Being thick/stupid. I have had the tank set up about a week and have put in the required liquids. Good idea about the warm water i didnt think about that 
cheers m8


----------



## Grosse Gurke (Jan 3, 2003)

The tank wont be cycled in a week or even 2 unless you add something to speed up the process. Bio-spira works well I hear, filter media from an established filter has always worked for me. You should try to match the existing water paramaters when adding new water.

Welcome to the site.


----------



## akio525 (Sep 4, 2003)

BUMPKIN said:


> Being thick/stupid. I have had the tank set up about a week and have put in the required liquids. Good idea about the warm water i didnt think about that
> cheers m8


 Chances are unless you used gravel or media from an established tank or added bio spira your tank isnt cycled yet. check the ammonia, nitrtites, and nitrates. it shold read ammonia-0 nitrite-0 nitrate -not too high.


----------



## Guest (Nov 12, 2003)

BUMPKIN said:


> When i do a water change (20/30%) do i leave the fish in the tank while the new cold water warms up.


 Personally, I am a bit lax when adding new water to an aquarium, but I only change about 15% of the water at a time. I add my dechlorinated water when it is at room temperature.

I can't validate this, but I've been told that adding warm water from the tap adds alot of extra metals to the water because the water has been sitting in your hot water-heater.


----------



## Noe (Aug 22, 2003)

Dude listen to "grosse gurke" he help me out with my 160 gallon tank...







If you need fast cycle just add Bio-spira that helped my tank cycle really fast.


----------



## BUMPKIN (Nov 7, 2003)

cheers guys 
here is another stupid question 
The filter i got with my tank set up does not blow bubbles to create oxygen in to the water.
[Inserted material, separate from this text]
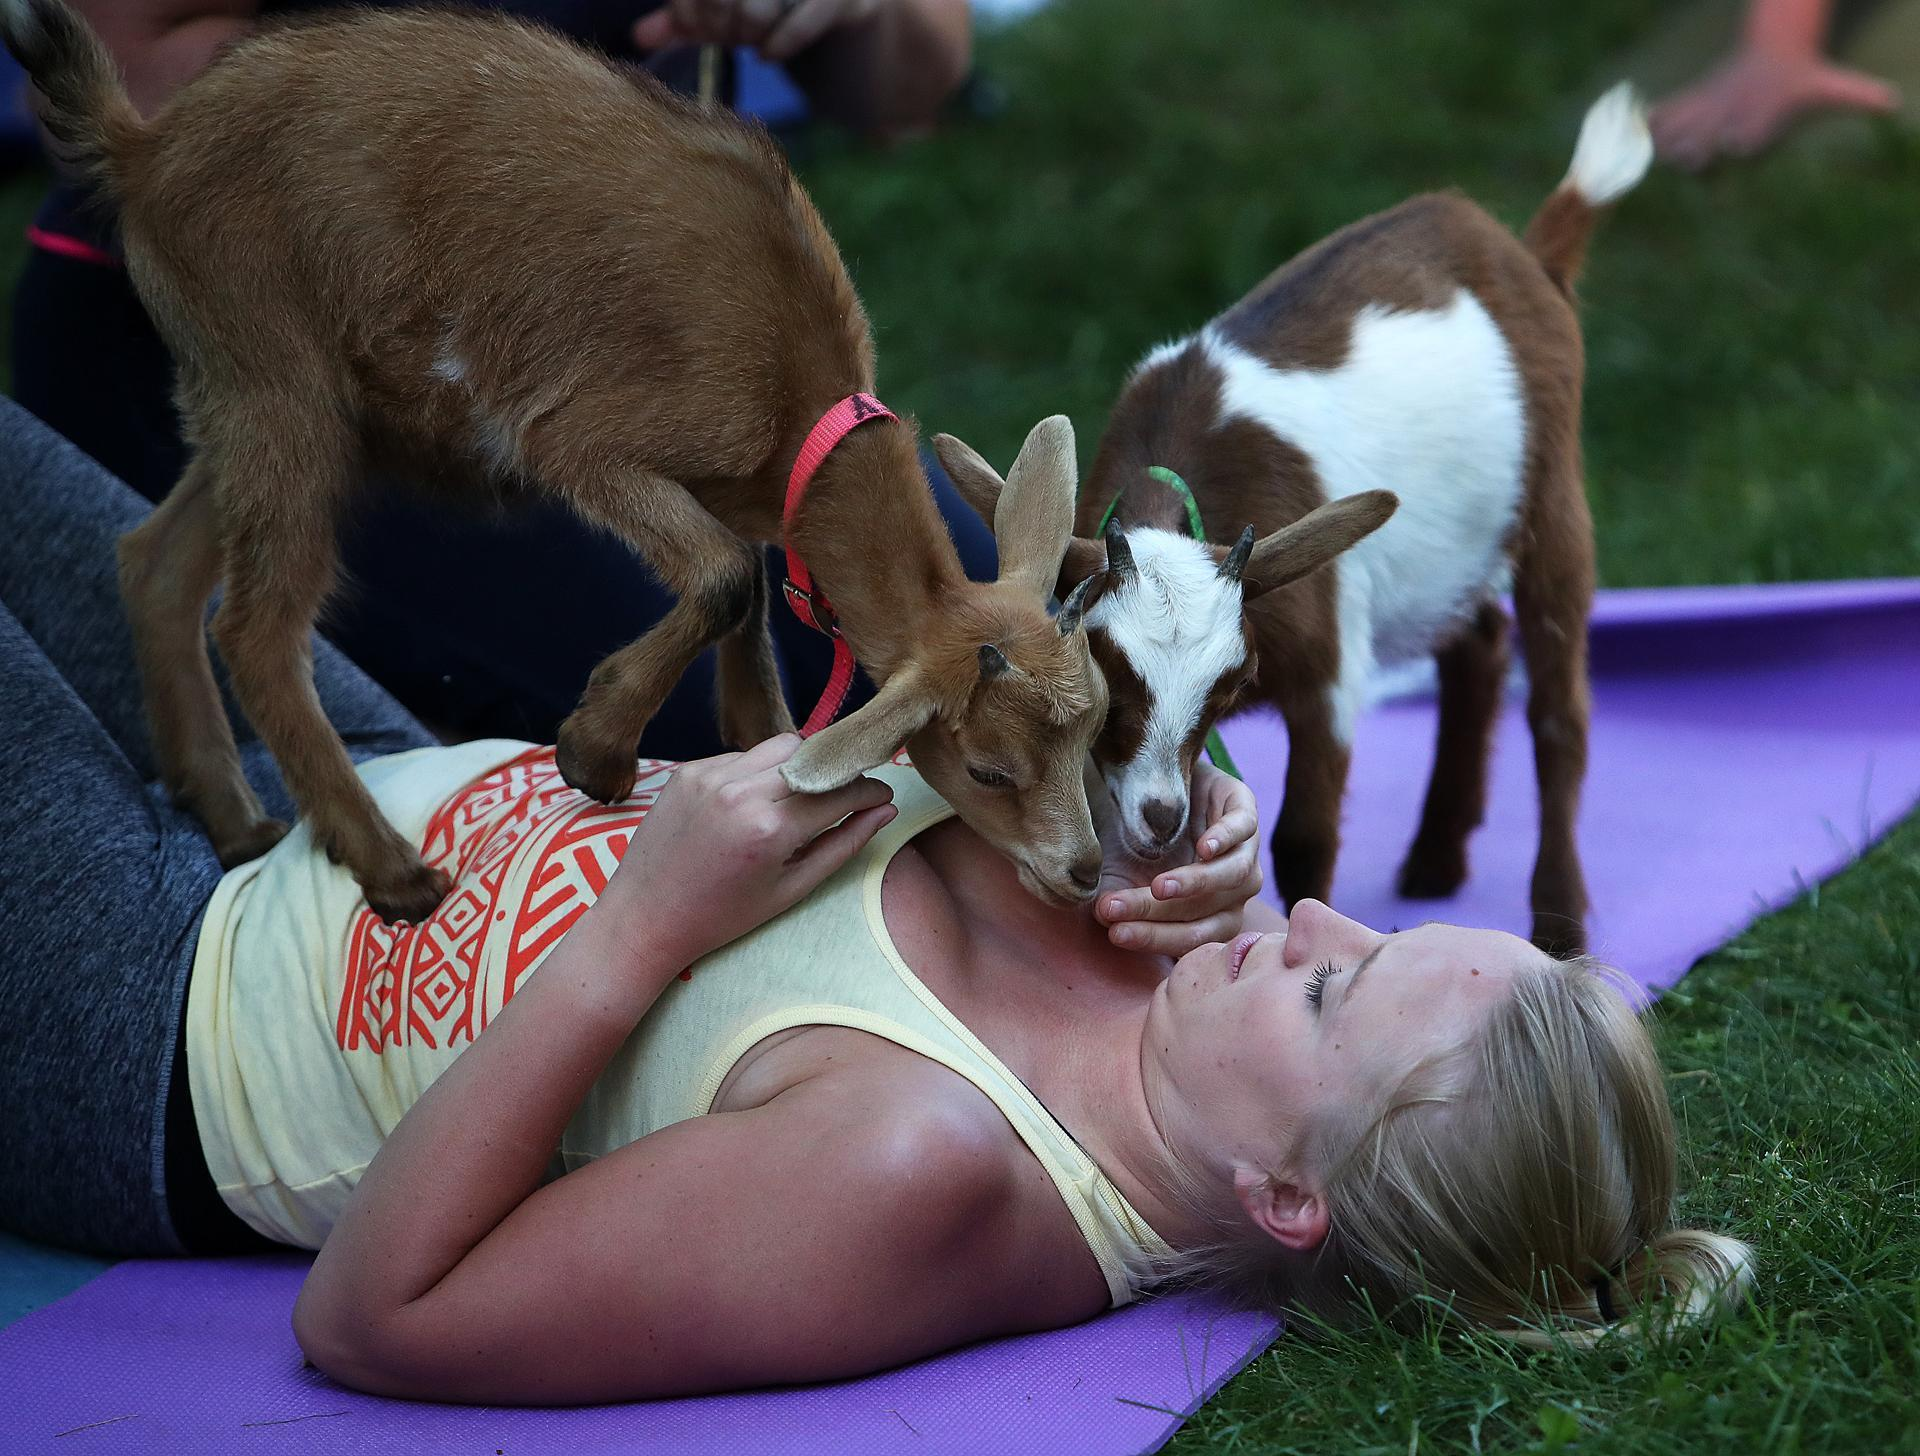 Cats, goats, and downward-facing dogs. The options are endless for yoga with a twist.

It does not have any parts for this to happen, will this have an effect on the fish as all the others i have seen do


----------



## MR HARLEY (Aug 12, 2003)

what kinda filter do you have ...
Can you add an airline to the tank??
If so this will help...
What size tank are we talking about here??


----------



## Grosse Gurke (Jan 3, 2003)

BUMPKIN said:


> cheers guys
> here is another stupid question
> The filter i got with my tank set up does not blow bubbles to create oxygen in to the water. It does not have any parts for this to happen, will this have an effect on the fish as all the others i have seen do


 Oxygen is created in the water by surface movement. This causes the gas exchange. The water return from your filter should create enough surface disruption to supply plenty of oxygen.


----------



## sccavee (Feb 11, 2003)

You can always add a airstone if you feel you need more oxygen.


----------



## anstey (Oct 9, 2003)

sccavee said:


> You can always add a airstone if you feel you need more oxygen.











Make sure the water you put in the tank is around the same temp as the water already in the tank...








Ryan


----------